For a healing to be considered a true miracle, a tribunal to gather all the evidence is established in the Diocese where the event took place.  It must be determined that there is no scientific explanation for the cure and that the intercession of the Venerable Servant of God is proven. The Congregation for Causes of Saints conducts its study and judgment of the cure by the testimony of medical experts that no scientific reason can explain the recovery, and of theological consultants to verify that the intercession of the Venerable Servant of God was requested.

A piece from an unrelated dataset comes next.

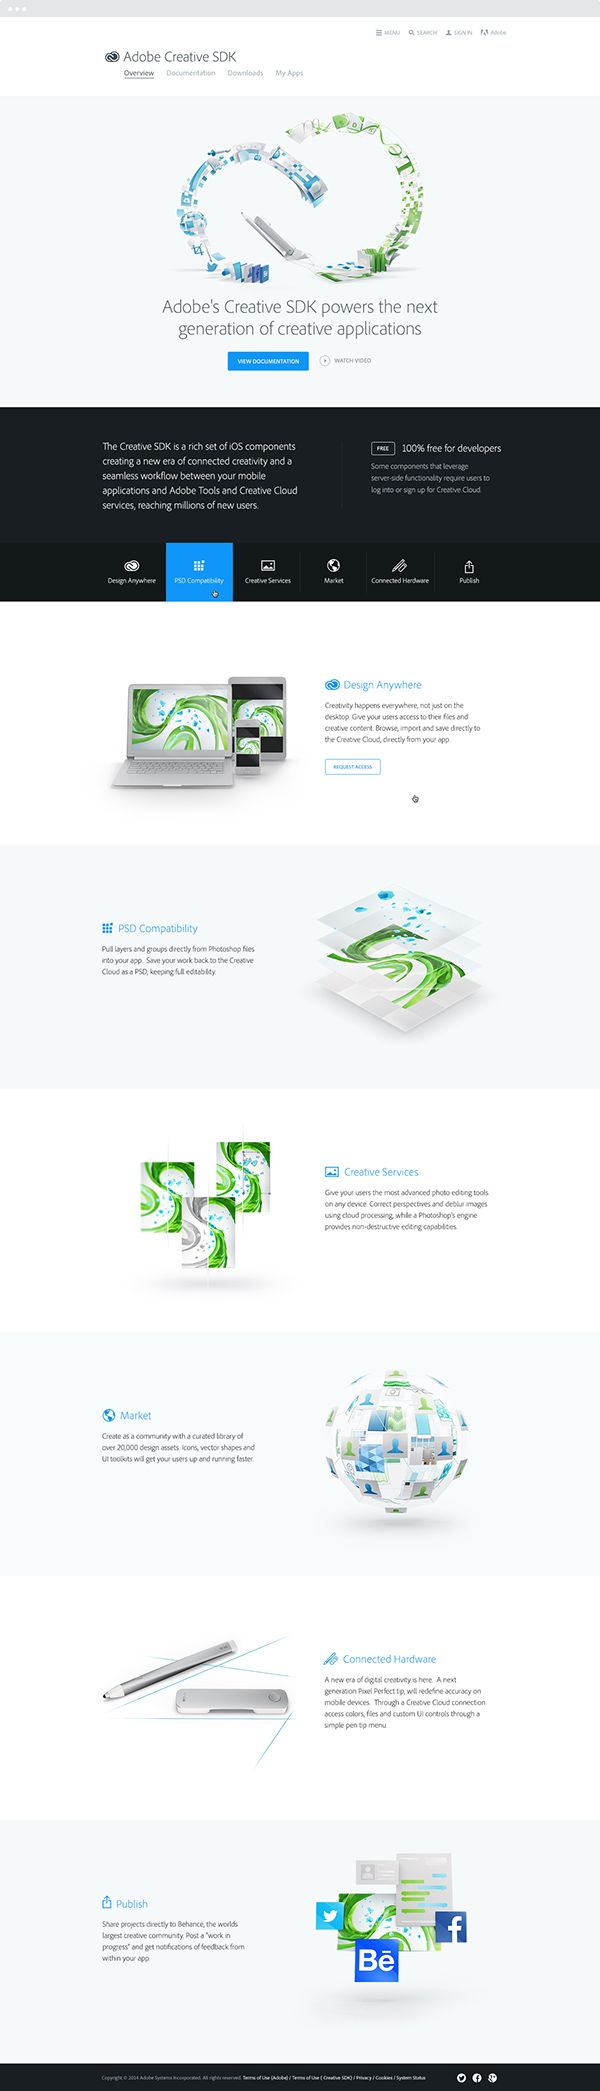 Adobe Creative SDK Website

Once again, the conclusions are presented to the Pope who alone can declare that the event is a true miracle. Then the Venerable Servant of God may be beatified. When someone is declared “Blessed”, public ecclesiastical veneration is permitted by the Pope but only in the Diocese or Country, or Religious Community to which the Blessed belonged.  Churches may be dedicated to the Blessed but only with the permission of the Vatican Congregation for Divine Worship.

 

Saint

For all those beatified, both Martyrs and Confessors, to be canonized one miracle is required. It must be proven that this event took place through the intercession of the Blessed and after the date of his or her Beatification.

When this has been proven, the Pope proceeds to the ceremony of Canonization, which is an act of the infallible teaching authority of the Pope. By this act, the Church declares that he or she is a Saint in heaven with God. It also means that the Saint is worthy of public veneration by the universal Church and held up as a model for imitation and a powerful intercessor for all.   Catholics do not “worship” the Saints but rather venerate them. United in the Communion of Saints the faithful on earth ask the faithful in heaven, who are their brothers and sisters in Christ, to join them in presenting their needs humbly and prayerfully to God.